The results of the present study did not reveal a prognostic significance for p53. The prognostic significance of p53 protein expression in ER-positive and HER2-negative breast cancer has been reported in a limited number of studies (14–17). However, several items of information are required for the interpretation of p53 protein expression. The correlation between p53 accumulation measured using IHC and p53 mutations detected using sequencing has been estimated to be <75% in breast cancer (32). Not all mutations yield a stable protein, and certain mutations lead to a truncated protein that cannot be detected using IHC. Done et al (33) demonstrated strong p53 nuclear staining in all tumors known to harbour missense mutations, but in no tumors with truncation mutations. Wild-type p53 may also accumulate in certain tumors as a result of a response to DNA damage or by binding to other cellular proteins (34). Moreover, at the single-tumor level, p53 mutations are distributed in a heterogeneous manner (35). It is necessary to collect evidence regarding p53 accumulation and establish the methodology for clinical practice.
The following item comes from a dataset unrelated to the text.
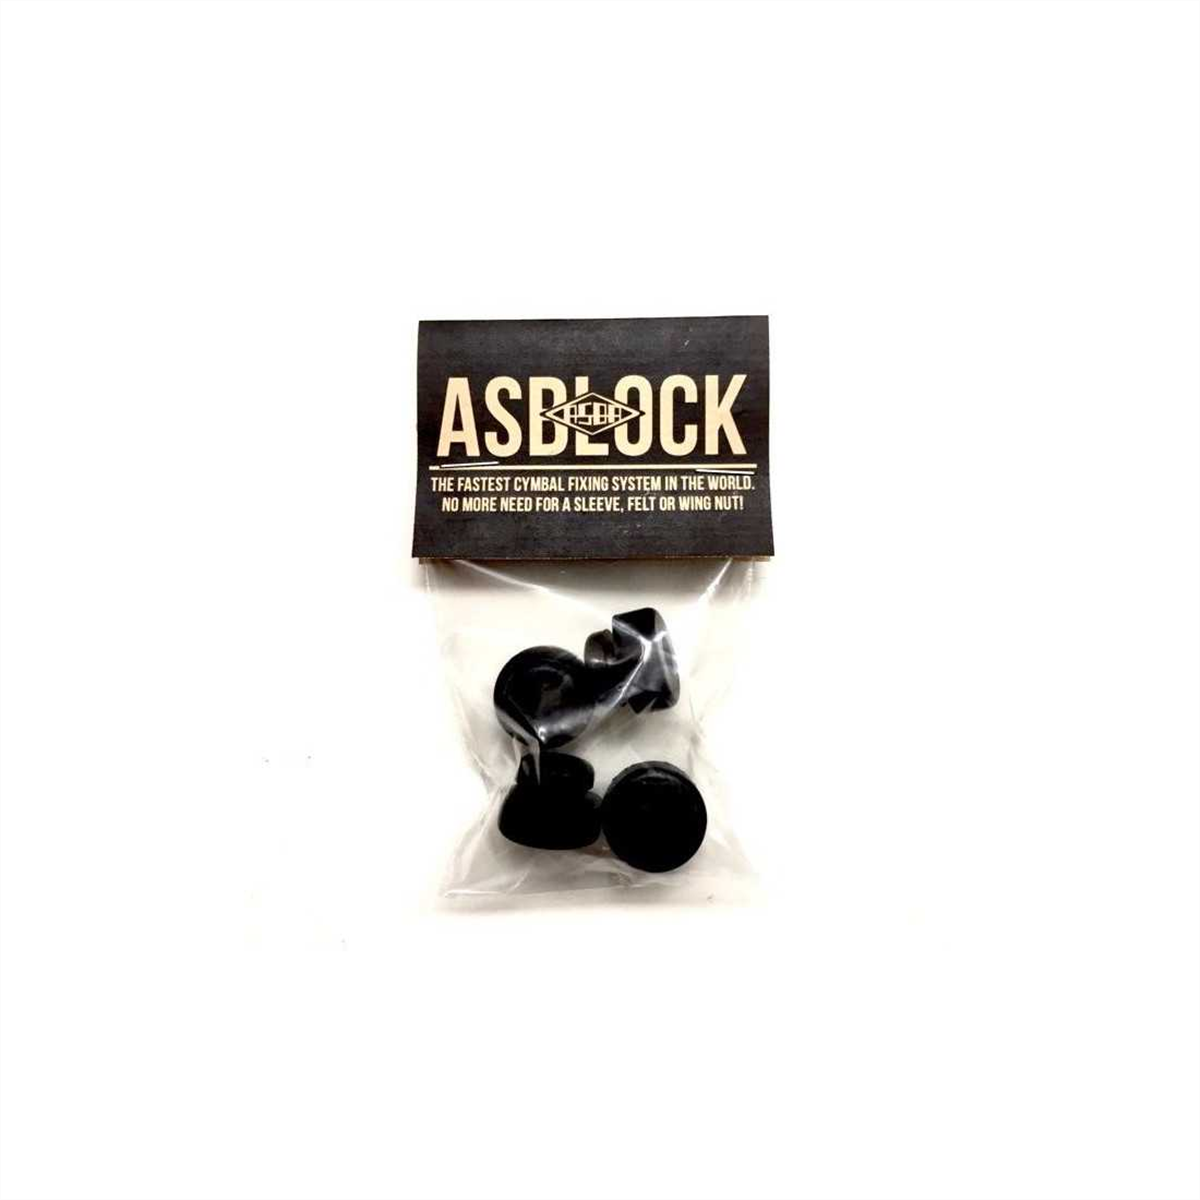 ASBA Asblock cymbal mounting system

Further studies on p53 as a predictive factor for late recurrence and adjuvant chemotherapy are required, along with the findings of previous reports (15,17).
This study's limitations include its retrospective design at a single institution, the heterogeneity of the administered treatments, and the short follow-up period. Nonetheless, a clear statistical significance was identified for the Ki67 labeling index.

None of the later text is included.